La descente massive des FIP de Mahajanga et Antsoihy dans la commune d’Antsakabary est une réaction au lynchage d’un brigadier et d’un agent de police, accusés de « racket » par les villageois, le 11 février dernier. Une réaction dont l’objectif annoncé était d’arrêter les responsables des deux vindictes populaires, mais qui, à en croire les faits rapportés par les locaux, s’est transformée en « expédition punitive ».
Des femmes et des enfants, notamment, auraient essuyé des coups et se sont vu imposer une marche forcée de plusieurs kilomètres, ainsi qu’une nuit à ciel ouvert, dans la localité de Tavenina. Cette « vengeance policière », la hiérarchie, ou du moins, le commandement des éléments sur terrain, a vraisemblablement tenté de le camoufler.
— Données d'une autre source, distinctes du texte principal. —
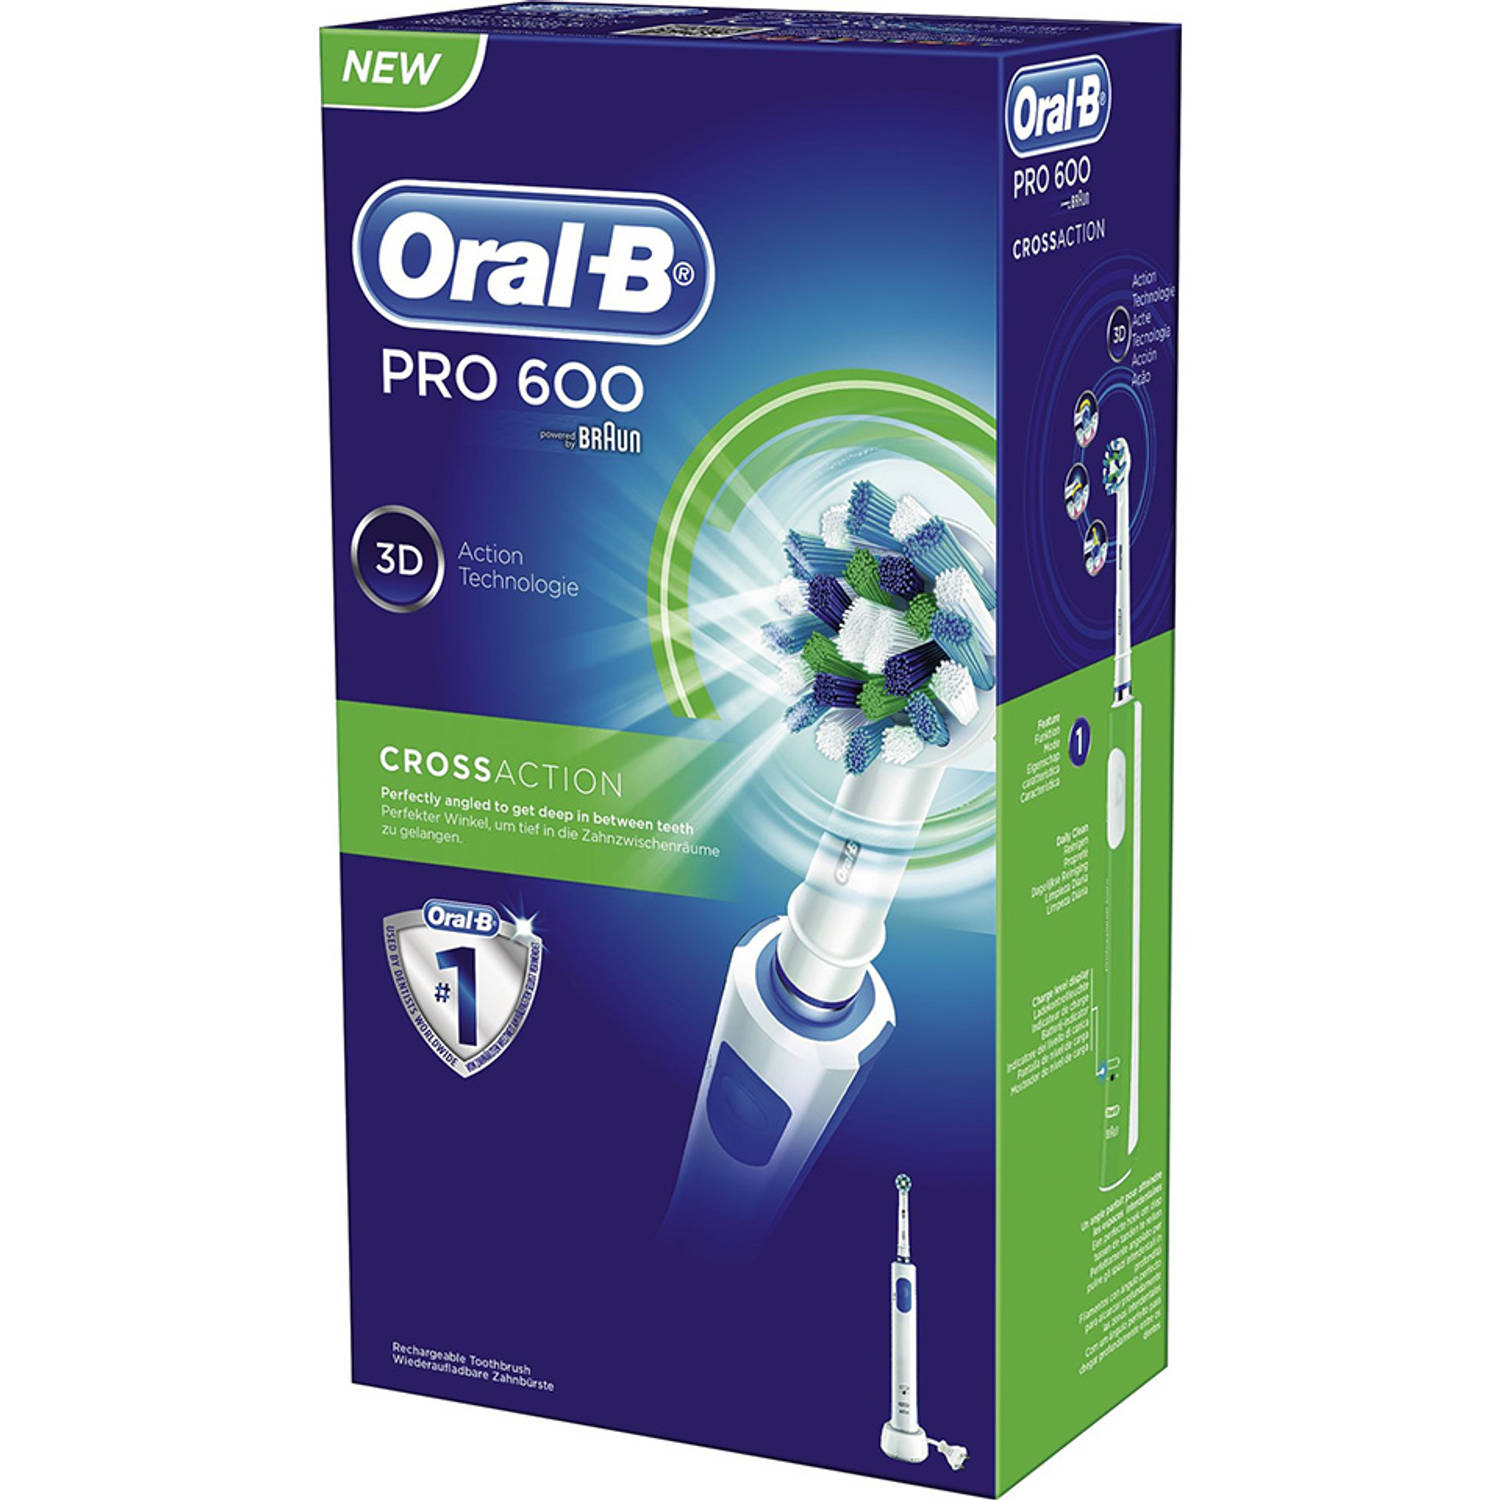 jury Vroeg Bewijzen Oral-B elektrische tandenborstel Pro 600 CrossAction | Blokker

Contacté, le contrôleur général de police Norbert Anandra, ministre de la Sécurité publique, a mis de l’eau dans son vin et changé de discours.
Devant la presse jeudi, il a affirmé que le rapport qui lui est parvenu fait état de « huit cases brûlées par une aliénée mentale [ayant agi seule] ». Dédouanant les éléments des FIP de toute responsabilité, le membre du gouvernement a accusé la presse de « propagation de fausses nouvelles en vue d’envenimer la situation ». Au téléphone hier, celui qui a sermonné les journalistes en leur demandant de « bien recouper les informations », a indiqué « si vous avez remarqué, je n’ai fait que lire le rapport qui m’a été remis ».
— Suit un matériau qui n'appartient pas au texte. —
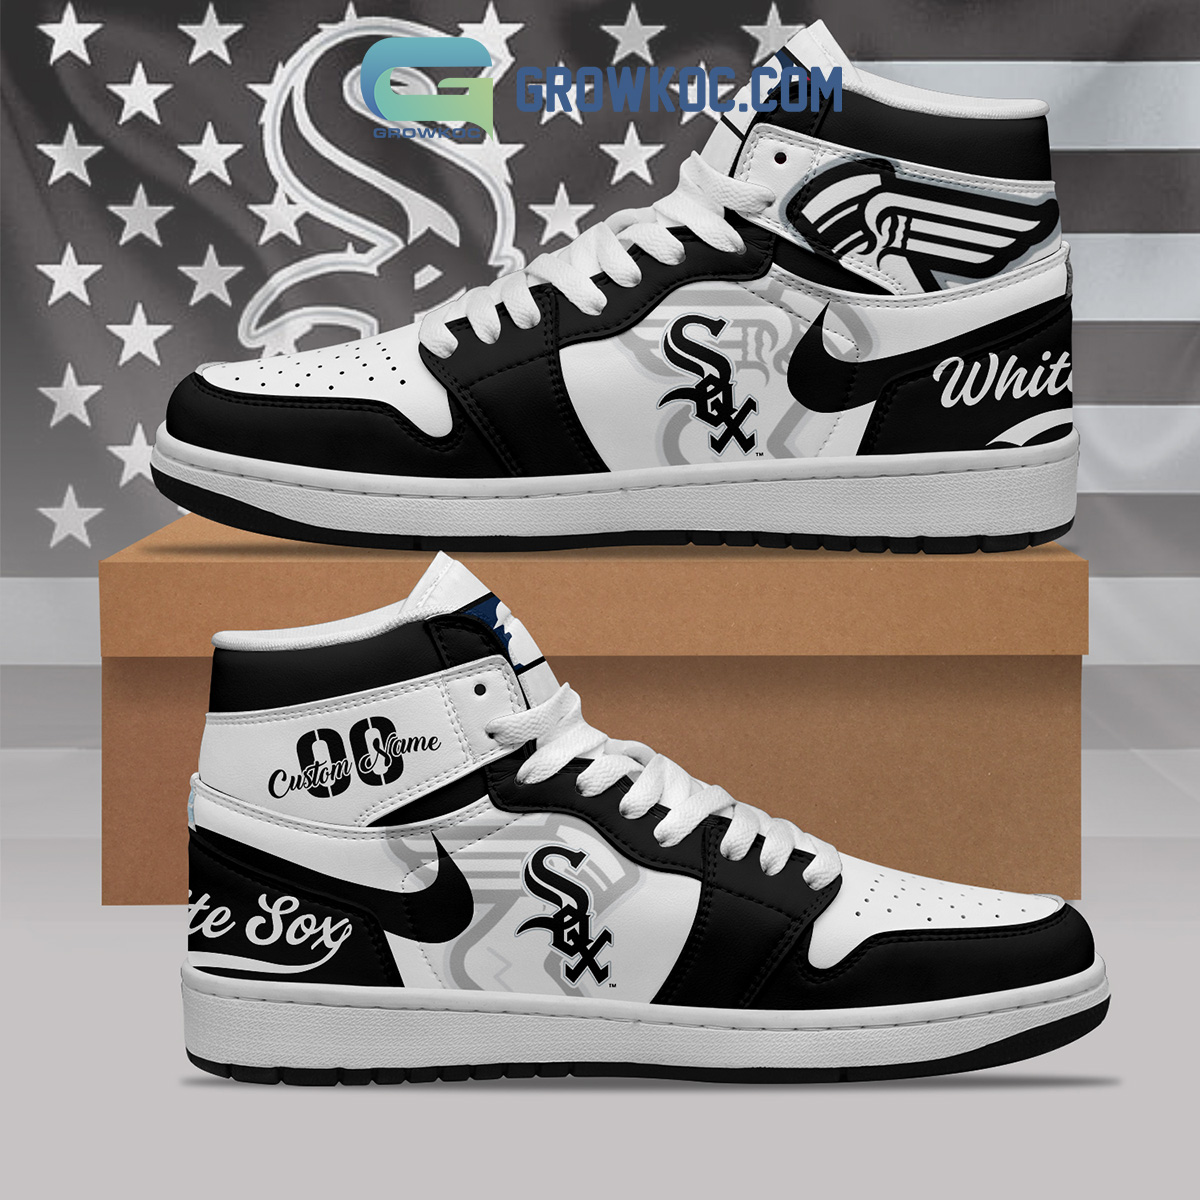 Mlb Chicago White Sox Air Jordan 13 Custom Shoes Sneaker V1

Le ministre et son staff n’auraient-ils donc pas contre-vérifié le rapport à eux transmis, avant d’en faire une « lecture » publique Sous les feux croisés de l’opinion qui peine à croire qu’une quarantaine d’éléments d’intervention n’aient pas pu empêcher « une aliénée mentale » d’incendier cinq villages, et face aux démentis à la pelle, le contrôleur général de la Police, actuellement à Befandriana-Nord, a soutenu : « Attendons de voir les résultats de l’enquête ».
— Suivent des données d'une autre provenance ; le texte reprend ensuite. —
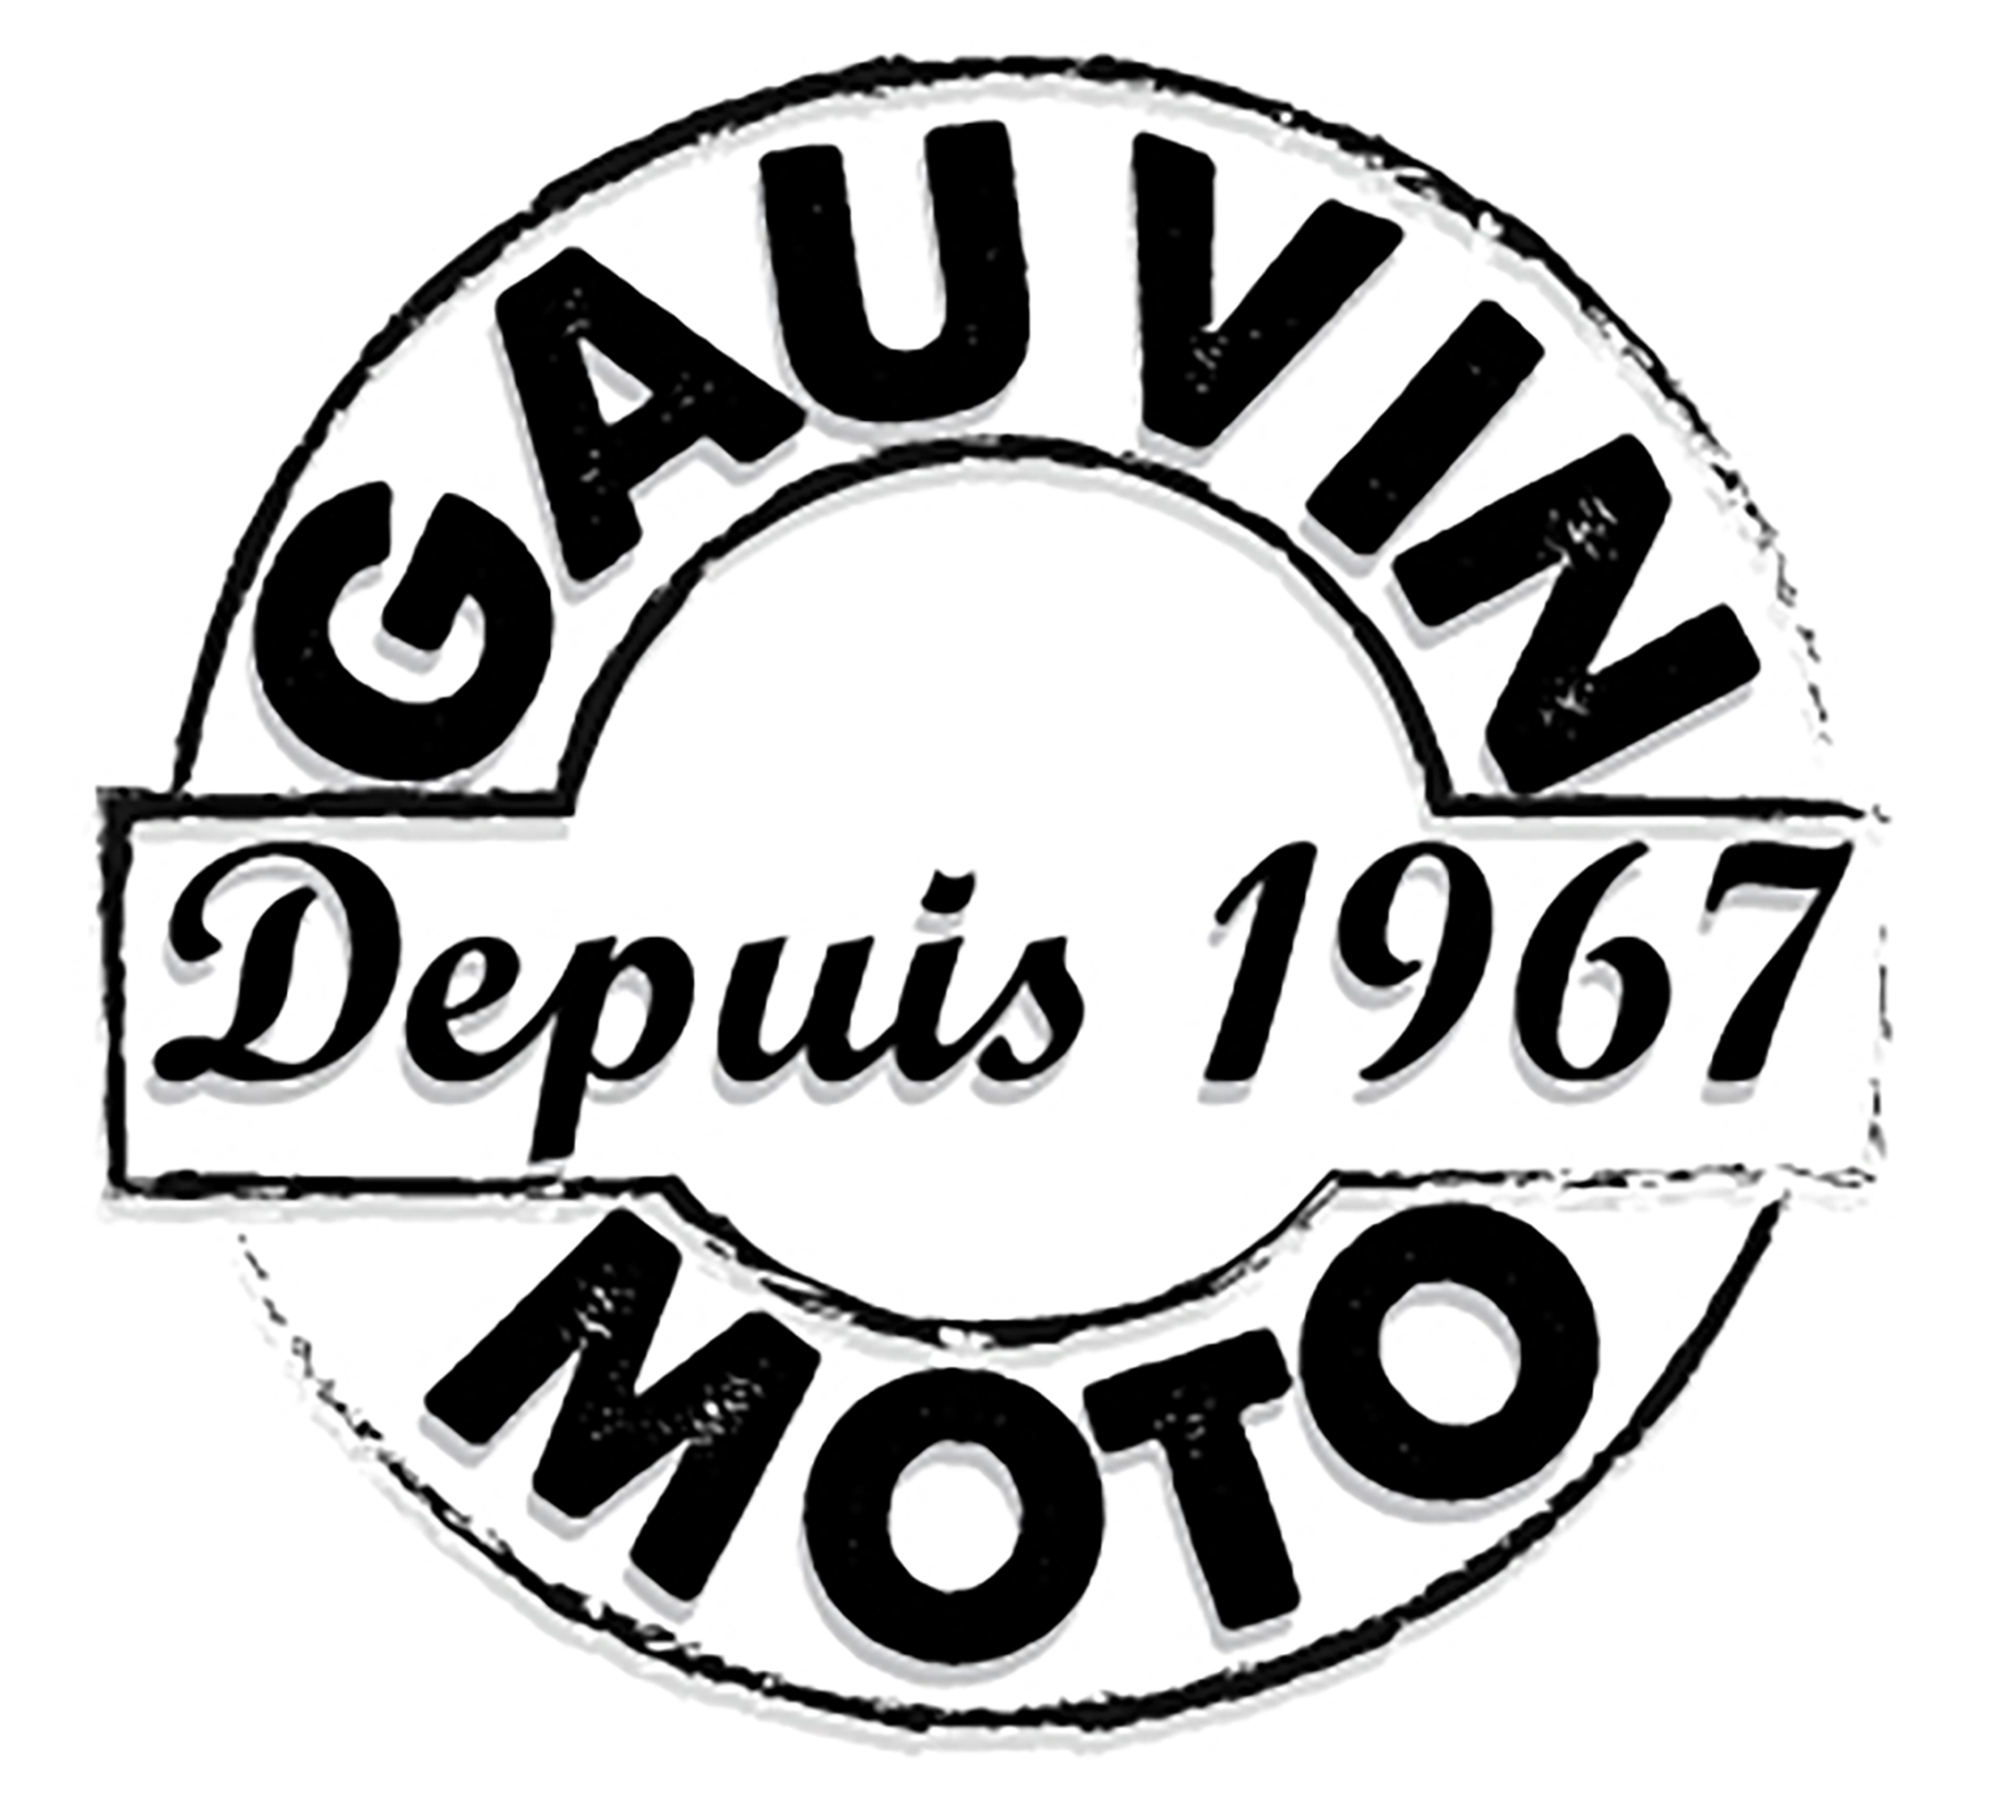 Gauvin moto depuis 1967

Flagrant délit d’atteinte à l’ordre public
Pour la présidente du SMM, les faits d’Antsakabary peuvent être qualifiés de « flagrant délit », d’atteinte à l’ordre public et destruction de bien d’autrui. La magistrate Ernaivo ajoute, cependant, que les auteurs de l’acte n’ont pas été pris en flagrant délit. Aussi, si l’enquête confirme la responsabilité des éléments de la police nationale dans cet incendie de 487 habitations ayant fait un mort, « une demande d’autorisation de poursuite » de la part du commandement policier sera ainsi nécessaire.
Lors de l’entretien téléphonique d’hier, le ministre Norbert Anandra a déclaré : « Personne n’est au-dessus de la loi. Si le tribunal estime qu’il est nécessaire d’enquêter ces policiers, ils seront à sa disposition. D’ailleurs, dès le début de leur formation, il est martelé aux éléments que nul n’est au-dessus de la loi ». Charles Andriamiseza, ministre de la Justice, sur cette affaire de Befandriana-Nord, a soutenu, en marge de l’inauguration de la maison des avocats à Anosy, jeudi, qu’une fois au fait des tenants et aboutissant du sujet, la machine judiciaire se mettra en marche. À lui d’assurer « que la justice sévira contre tout acte illégal, qui que ce soit l’auteur ». Ainsi soit-il.